Les Bouddhistes le savent quand ils invitent à prendre conscience que toute existence est mortelle. Oui, nous recevons les deux en même temps. Qui engendre un enfant te prodigue. Montaigne le dit fort bien : «  Mais tu ne meurs pas de ce que tu es malade, tu meurs de ce que tu es vivant. La mort te tue bien sans le secours de la maladie. ». Qu’il est ardu d’admettre cette banalité. ? Pourquoi ai-je l’impression d’arracher les joies et les plaisirs éphémères à tes griffes si le combat est perdu d’avance ? Hier au soir j’ai partagé un repas avec des proches. Goûtant les mille dons de l’amitié, je ressentais une profonde allégresse. […]Lorsque je me suis couché, j’ai songé que je ne vivrais plus ce moment de grâce. Tu me l’avais déjà ravi. Même si je réinvitais mes amis pour tenter de reconstruire la fête à l’identique, je ne réinventerais pas cette soirée. La rencontre de la veille est morte, elle appartient au souvenir, au passé. Et je ne quitte pas la finitude. Jamais je ne pourrai revivre les heures passées, jamais.

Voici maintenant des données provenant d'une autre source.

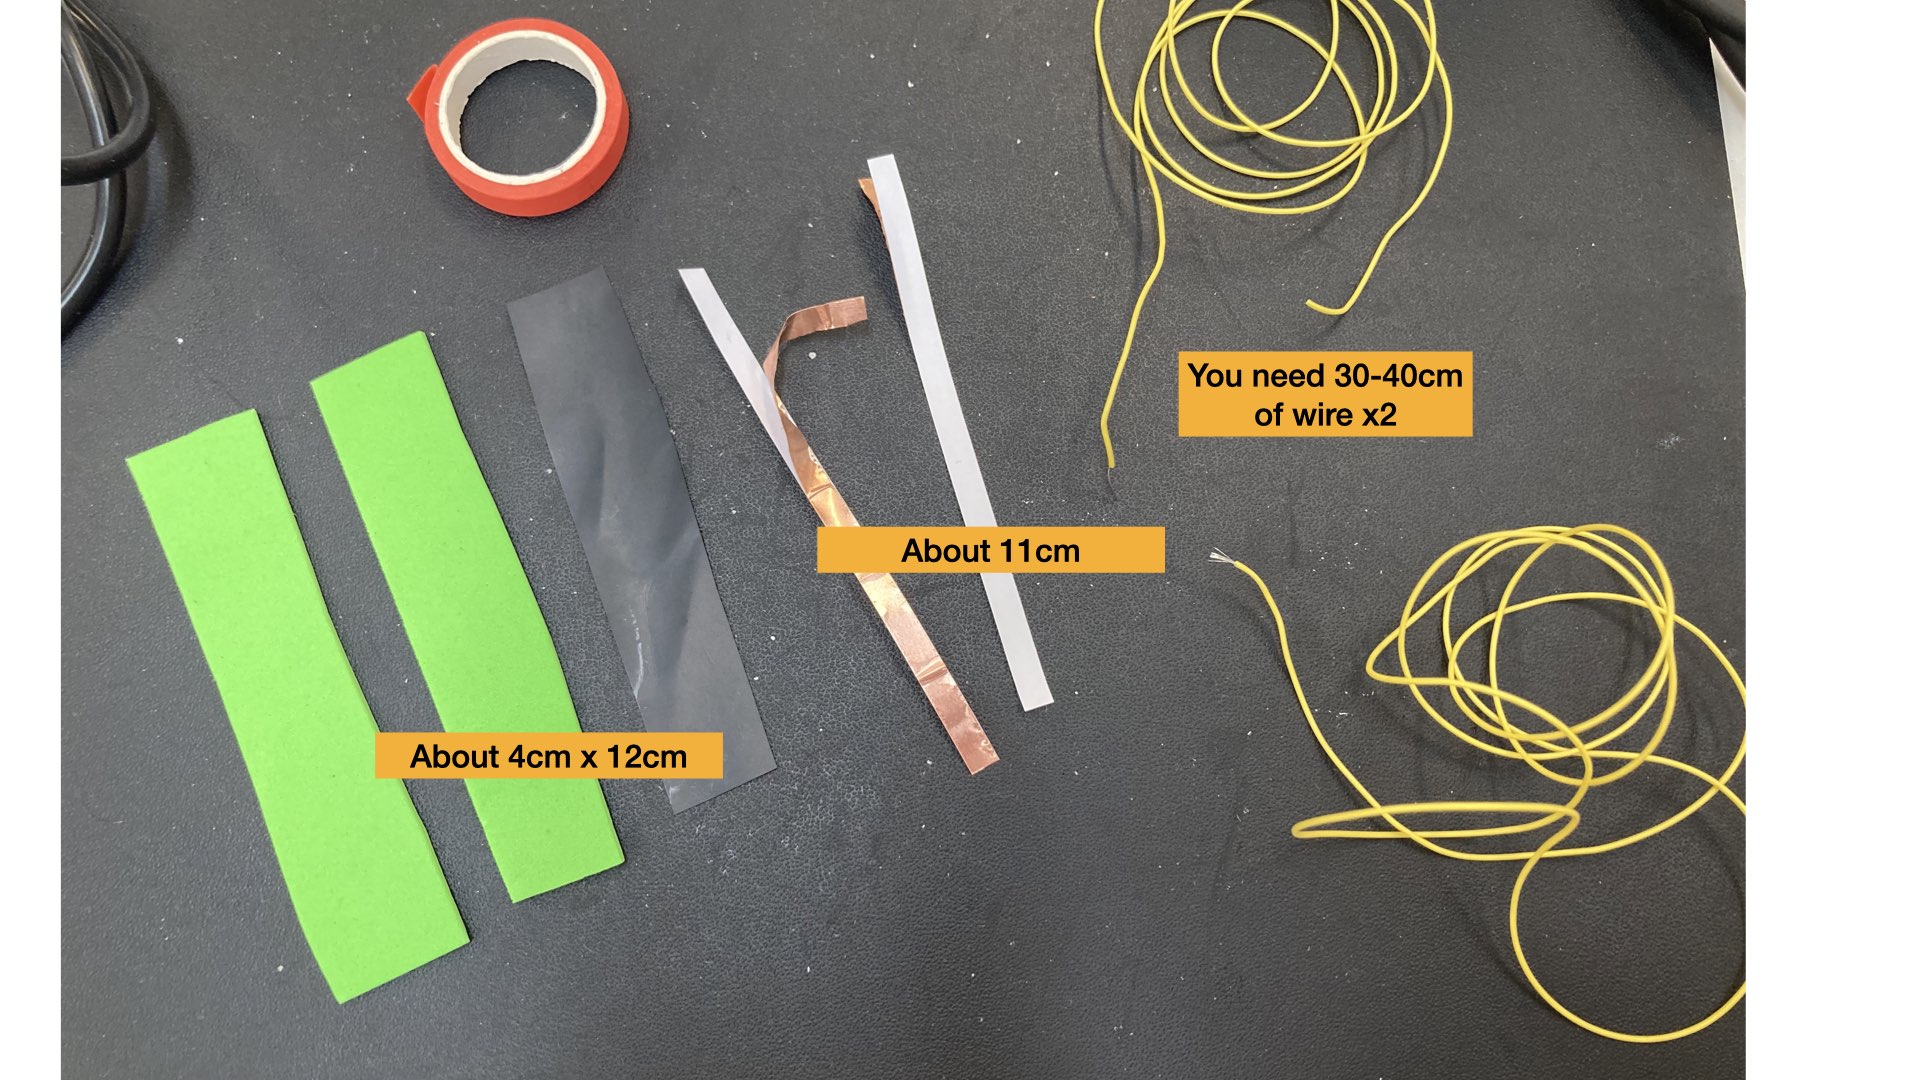 Image of Tape, Foam, Copper tape, Silicon Wire and velostat showing wire should be 30-40 centimeters in length (and you need 2) copper tape should be about 11cm and foam & velostat should be about 4cm by 12cm

Chaque jour je laisse derrière moi un peu de ma vie, l’homme de la semaine dernière n’est plus. Bien sûr ma mémoire conserve mon identité et ma personnalité demeure, mais à chaque instant je meurs à quelque chose, je meurs à un état, pour devenir quelqu’un d’autre. Changer c’est mourir, perdre et trouver. Naturellement mes fantasmes voudraient figer la réalité, enfermer le bonheur, le soustraire à ton emprise. Mais ton intransigeance m’oblige, pour ne plus passer à côté de l’essentiel, à oser un état d’esprit qui sache composer avec toi. […] Lorsque j’obverse autour de moi, je note que la comédie humaine, la philosophie, les Hommes dessinent toutes sortes de postures pour essayer de se faire à l’idée.

Je relève le divertissement pascalien qui plonge les mortels dans l’activité, les distractions, la fuite. Tout est bon pour abasourdir le plus petit signe de ta présence. Que ne ferions nous pas pour amasser le plus de plaisirs possibles ? Le douloureux face-à-face avec la finitude, la crainte de périr, portent à vivre sur le mode de la consommation. Maudite, tu nous pousse à multiplier les moments exaltants, à exploiter avec frénésie le temps qui nous est imparti pour ne pas en perdre la moindre miette. Tu vas rire ! J’ai assisté avec un léger dépit à l’ouverture des soldes. Les consommateurs se précipitaient dans la quête de leur bonheur.  […] Je t’imagine ricanant devant semblable spectacle. Vraiment tu dois te régaler de voir des mortels dilapider un bout de vie. En prétendant nous enrichir, nous passons à côté de l’existence. […] En amassant nous croyons nous comporter en  immortels, comme s’il s’agissait de faire des provisions pour plus tard. Pour ce plus tard je suis souvent mort à ce que, dans sa sobriété, me donne le réel. La crainte de la mort m’arrache déjà un peu à la vie. Je refuse que tu me dépouilles trop vite. Aussi, j’essaie désormais de ne plus me disperser, de cesser de constituer des réserves, pour être vivant ici et maintenant. […]

L’exercice de mourir peut, à mon sens, conduire à célébrer la vie : il m’arrive des après-midi entières de me mettre au lit, paisiblement sous la couette. Je meurs et quitte peu à peu mes ambitions, mes rêves. Je me dépouille pour un temps des attentes irréalisables, des regrets et des projets fous. Je ressens qu’un jour je ne serai plus et que le monde n’a pas besoin de moi. Je me libère des exigences pour essayer de prendre ma juste place dans l’existence. Sur le lit, je m’entraîne à la mort. Rien de macabre ici ! Je m’octroie juste une trêve pour me rappeler que je ne suis pas immortel. J’imagine alors mes enfants, ma femme, mes amis continuer leur chemin sans moi. […] La libération que tu accompliras de manière définitive, je peux l’opérer dès à présent pour, par amour de la vie, mourir à tout ce qui n’est pas essentiel.

 

                               Alexandre JOLLIEN « la construction de soi »

« Ce livre se veut une tentative de tourner la page… J’en ai marre de ressasser mon histoire qui débute par un satané cordon ombilical et qui se poursuit par dix-sept ans d’internat dans un centre spécialisé….. Si le handicap fut une porte ouverte à une réflexion, je souhaite désormais, sans le nier, la franchir, aller plus loin. […]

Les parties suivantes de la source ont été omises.